So the novel begins with a teenager (who is 14/15) being left home alone - yet again - eating curry - yet again. He's watching tv and catches a newsreel from the Philippines, where in the background he spots his parents. his parents are supposed to be exterminators . He gets suspicious and does some sleuthing.
He finds a phone in the false bottom of a suitcase and decides to hit redial. Long story short, he finds out that his family is actually a part of an organization that studies 'Cryptids' and that his dog is a hybrid 'Cryptid'.

  • Interesting story, you might want to also check out How to ask a good story-ID question? to see if it helps jog your memory.
    – Möoz
    Mar 15, 2018 at 22:22
  • Seanan McGuire has the InCryptid series. This doesn't seem to match (they all know about the family business in those books). Possibly McGuire got the name from someone else.
    – Brythan
    Mar 16, 2018 at 1:02
  • 3
    Cryptid is a generic term for as yet undiscovered and non-classified creatures. Mar 17, 2018 at 3:26

1 Answer 1


Creatch Battler by Mark Crilley

Billy Clikk’s just your ordinary, run-of-the-mill . . . hero? A guy whose hobbies include skateboarding, extreme mountain biking—and a brand of snowboarding he wishes would include a few good old-fashioned body slams. Unfortunately, 12-year-old Billy’s boring home town of Piffling, Indiana, will probably never host the X Games. But that doesn’t stop him from bungee jumping off a bridge and winning the X-Sports Challenge in front of Dave’s Cycle and Fitness.

Then one day, things suddenly get more interesting. Billy discovers his insect-exterminating parents—supposedly the best in Piffling—have been living a double life. In just a few short hours, he’s sucked into a world that his parents have been trying to hide from him. And this world is much bigger, stranger, and scarier than the one he left behind. How could his own dull parents have so many secrets that even their secrets have secrets?

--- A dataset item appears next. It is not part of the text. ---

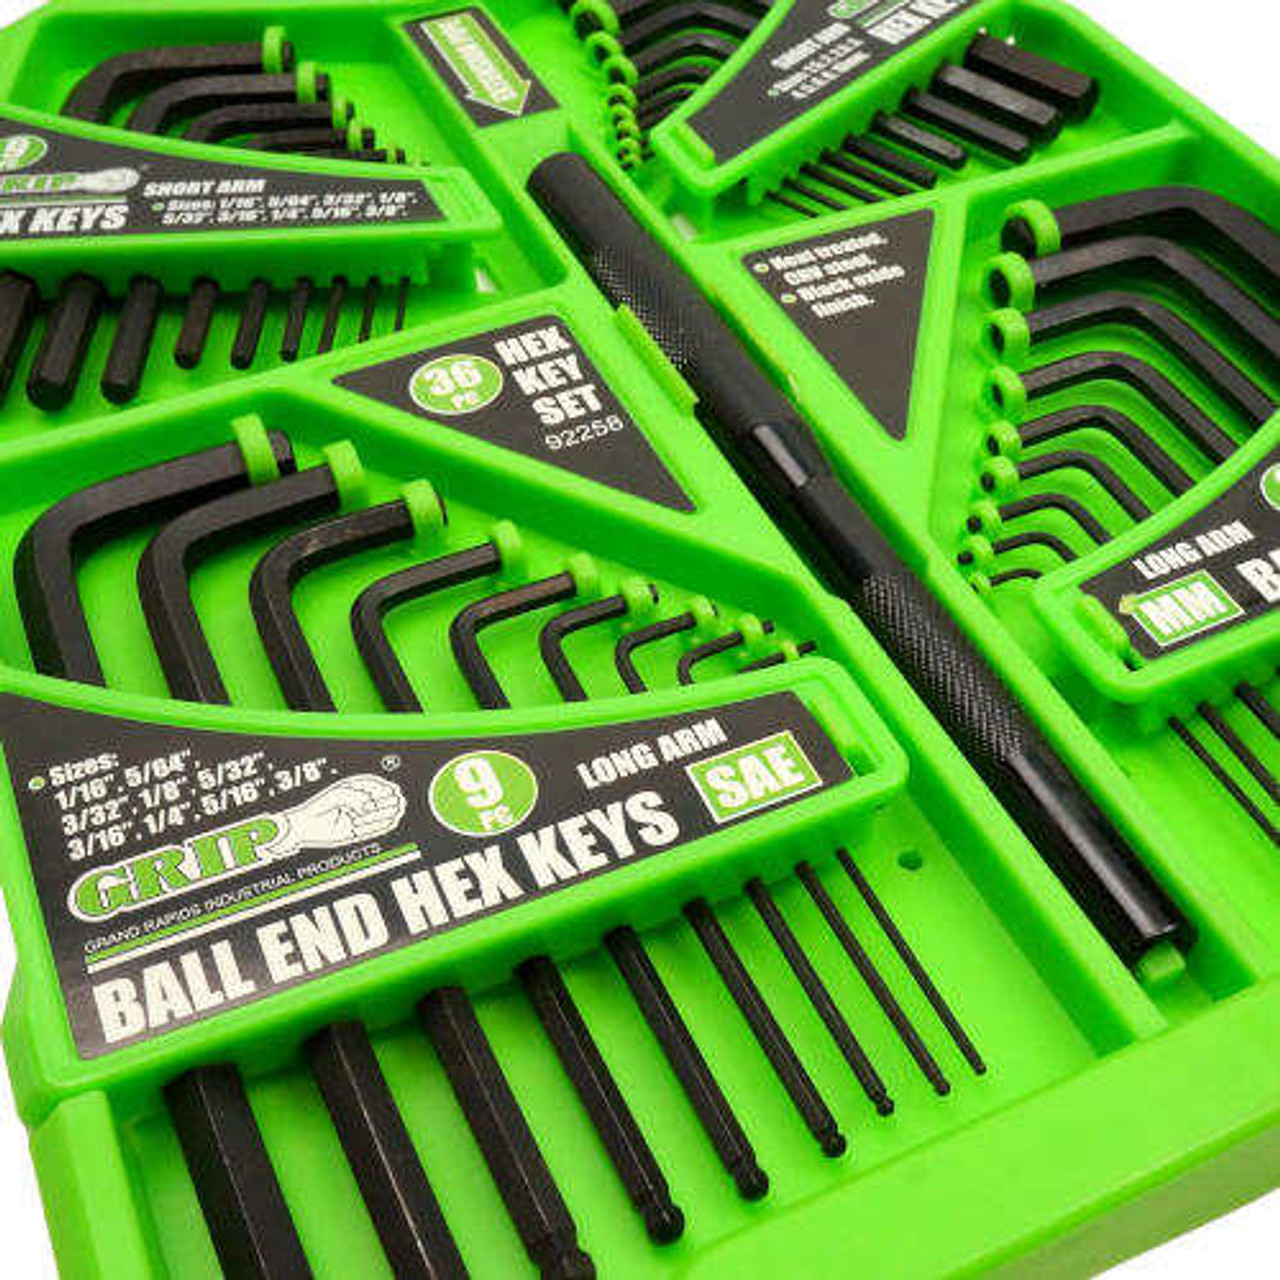 Allen Wrench Sizes: Everything You Need to Know

On the bright side, this could be Billy’s chance to fight some real bad guys: the huge kind with teeth and too many hairy tentacles to count. Within a few hours of learning the truth, he’s flying to India and testing out some very cool James Bond–style gadgetry, things no average 12-year-old can even imagine. But before Billy can fight alongside his parents, he’ll have to prove himself. Being a hero doesn’t always mean getting the bad guy—sometimes it means keeping a cool head to figure out what’s really going on. And at the end of the day, Billy just might get to save the world—or go down trying.